Being a Missionary Changed My Life

This article was originally posted on January 29th, 2022, on Adventist Review.

The heavy shelling began abruptly in the South Sudanese capital, Juba.

Argentine missionary doctor Peter Fenoy immediately ran out of his office on the compound of the regional headquarters of the Seventh-day Adventist church. Security training had taught him about the danger of staying in a building during an attack. If a shell hit the building, he was more likely to be injured than if he was on the street. It was safest to be on the ground, lying near a wall.

Peter saw adults lying on the ground, and children were running. He heard shells falling. He looked around for his wife, Natasha. She was nowhere in sight.

A woman watching over smiling school-children.

“Natasha! Natasha!” he called.

Running back into the building, he found Natasha sitting at her computer typing a work report.

“What are you doing?” he cried.

Natasha looked up. Her face was expressionless.

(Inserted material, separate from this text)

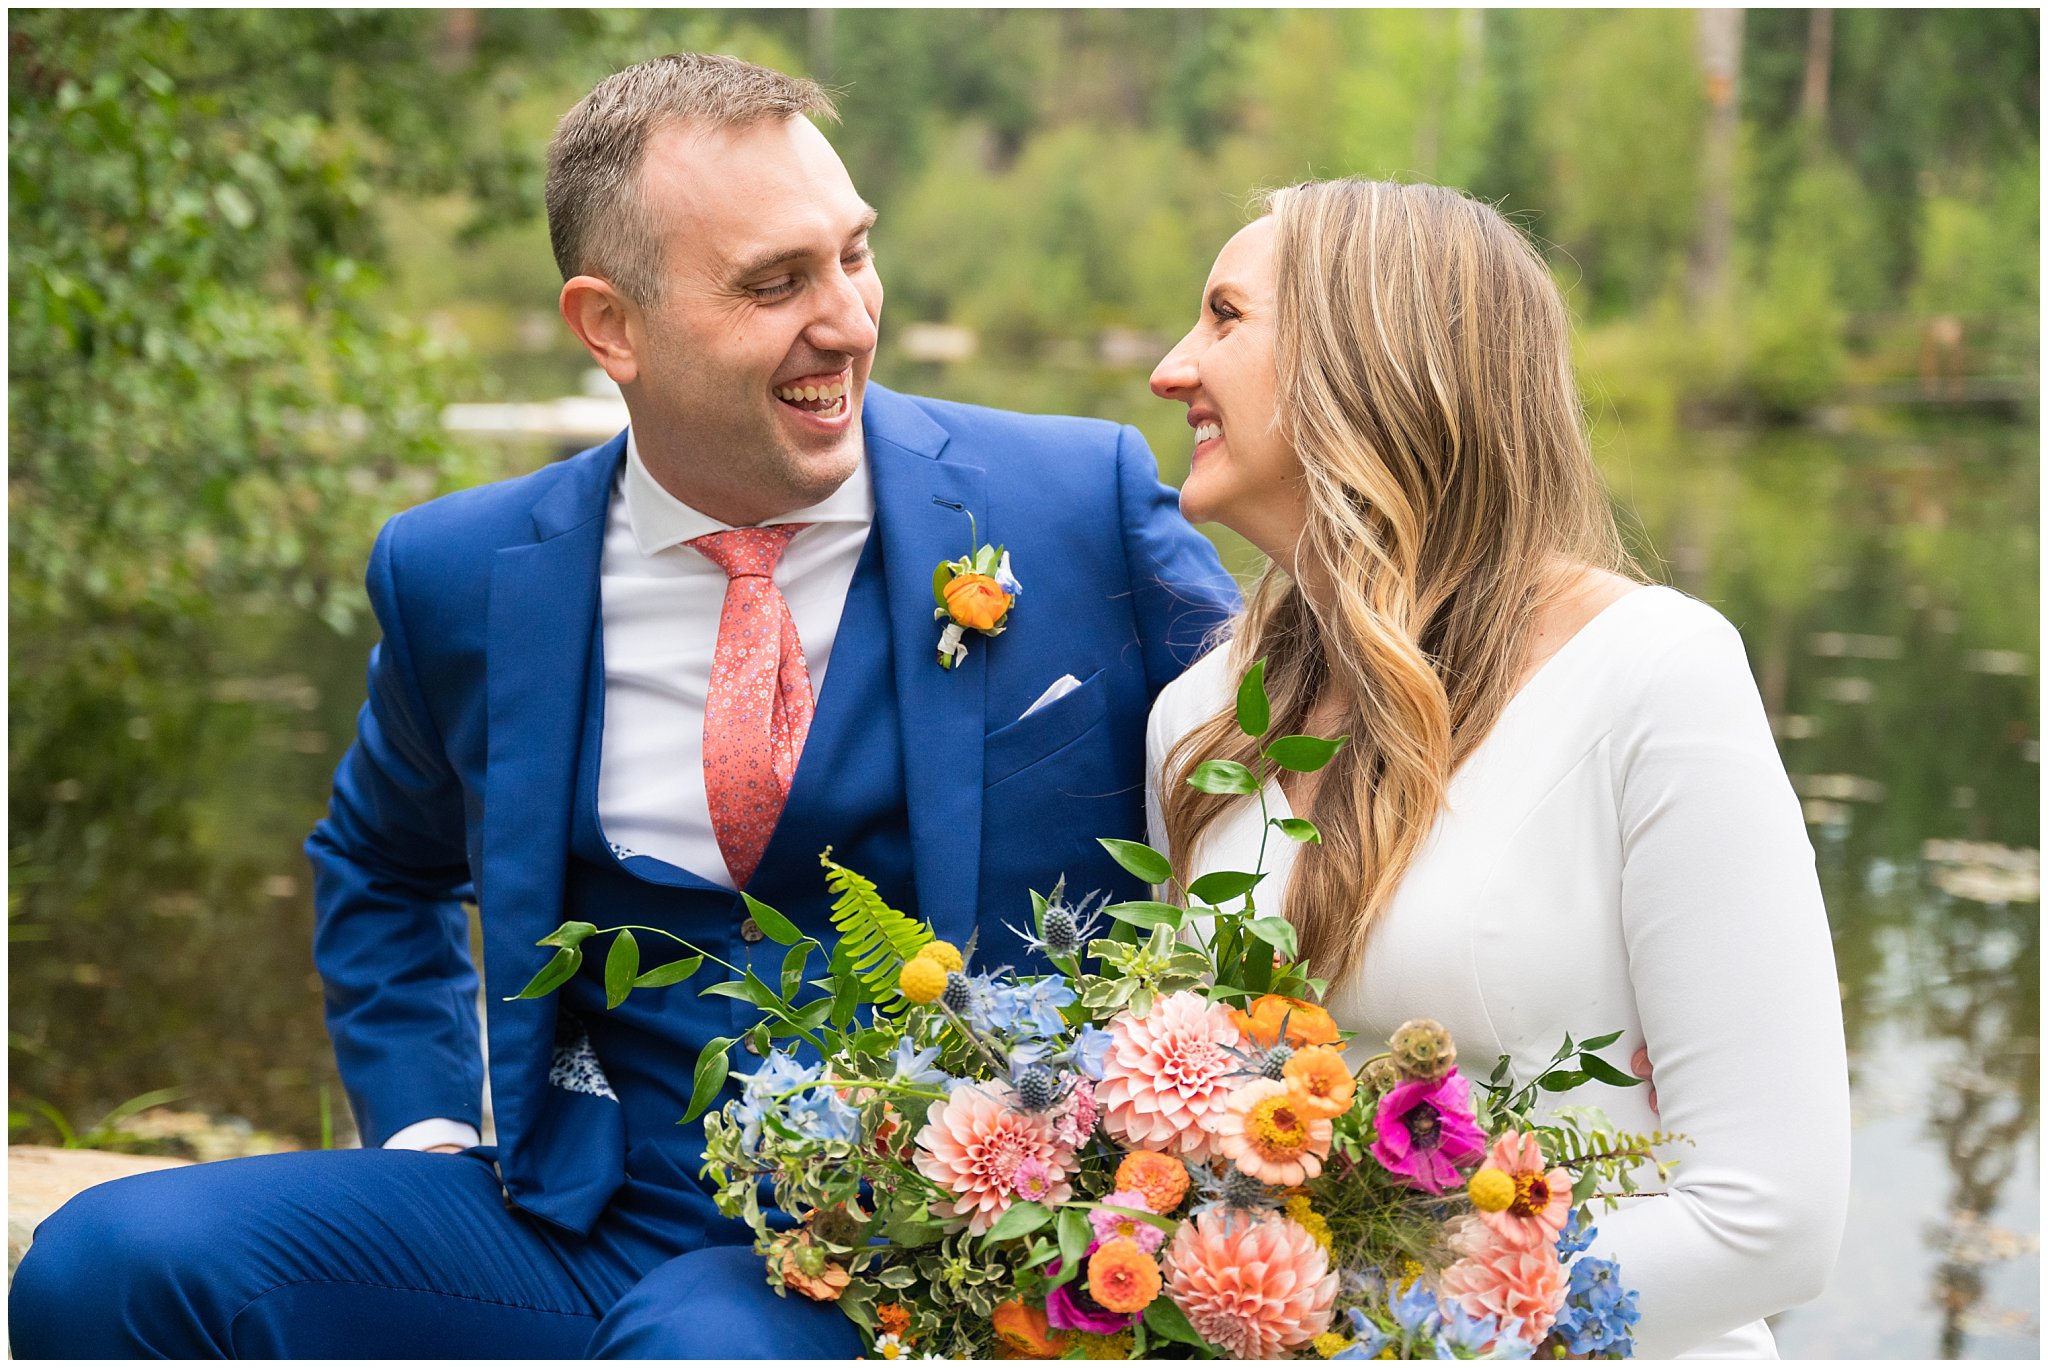 Bride and groom portraits with an elegant fitted dress and blue suit with coral tie, and wildflower bouquet in the Montana forest and near a pond | Mountainside Weddings Kalispell Montana Destination Wedding | Jessie and Dallin Photography

“If it happens, it happens,” she said. “If not, it wasn’t our time.”

It was then that Peter understood how deeply Natasha had been scarred as a child by civil war in her birthplace of South Ossetia in the former Soviet Union. As the shells fell in South Sudan, she felt nothing. Her attitude was “If I die, I die.”

Peter and Natasha had moved to South Sudan to bring healing to people affected by a 22-year civil war. Their three-year stint also ended up providing healing to Natasha as she overcame childhood trauma and learned that war is not normal after all.

“When I came to Africa, I learned how abnormal it is,” Natasha said. “I had never heard about the trauma that armed conflicts leave on a person and how they change the personality.”

Natasha’s heart-changing experience has been repeated in the lives of many missionaries, church leaders said. Every missionary who surrenders to the Holy Spirit experiences a change of heart. Missionaries may go to share the gospel, but discover the gospel making a difference in their own hearts.

“The one thing I hear over and over is some variation of the expression ‘I expected to help the people, but in fact I’m the one who has been blessed,’ ” said Gary Krause, director of Adventist Mission and a former missionary kid. “In fact, I hear it so often that it has almost become a cliché.”

Change is required just to become a missionary, said Oscar Osindo, interim director of the General Conference’s Institute of World Mission, which provides cross-cultural training for all church missionaries. By accepting the call to serve, a missionary leaves a familiar culture and travels into the unknown following the example of Jesus, who left the comfort of heaven for the dark earth.

A child looks up and points to the hand of a missionary leading this child and his friends.

“As missionaries incarnate the life of Christ in a different culture, they see themselves in others, and the cross of Christ breaks the dividing wall with others,” Osindo said. “The blood of Christ unites the two into one humanity, and the missionary will never be the same again.”

Thousands of Seventh-day Adventists have left their homes to fulfill the Great Commission of Jesus, who said, “Go therefore and make disciples of all the nations, baptizing them in the name of the Father and of the Son and of the Holy Spirit, teaching them to observe all things that I have commanded you” (Matt. 28:19, 20). Currently about 400 families are serving as long-term ISE (Interdivision Service Employees) missionaries, while hundreds go every year as short-term AVS (Adventist Volunteer Service) volunteers. They also go as Global Mission pioneers, reaching out to unreached people groups in their own countries; tentmakers, who use their professions to work in restricted countries; and volunteers with the Asia-based 1000 Missionary Movement and supporting ministries such as Adventist Frontier Missions in the United States.

Most missionaries seek to grow and change in order to fulfill their calling, said Cheryl Doss, a longtime missionary and recently retired director of the Institute of World Mission. “The experiences they face, the intercultural challenges they deal with, the trials and tribulations that always come in the mission field, mean they have to change or break,” she said. “Most change into people with beautiful servant hearts open to the needs of the world.”

Only missionaries who resolutely resist fail to experience any changes in their lives, Osindo said, adding that those who resist “never finish their terms, or they struggle.”

Missionaries who surrender to God and allow their hearts to be moulded by Him have remarkable stories, he said. “They learn to trust more in the Lord, and they live to tell incredible stories,” he said.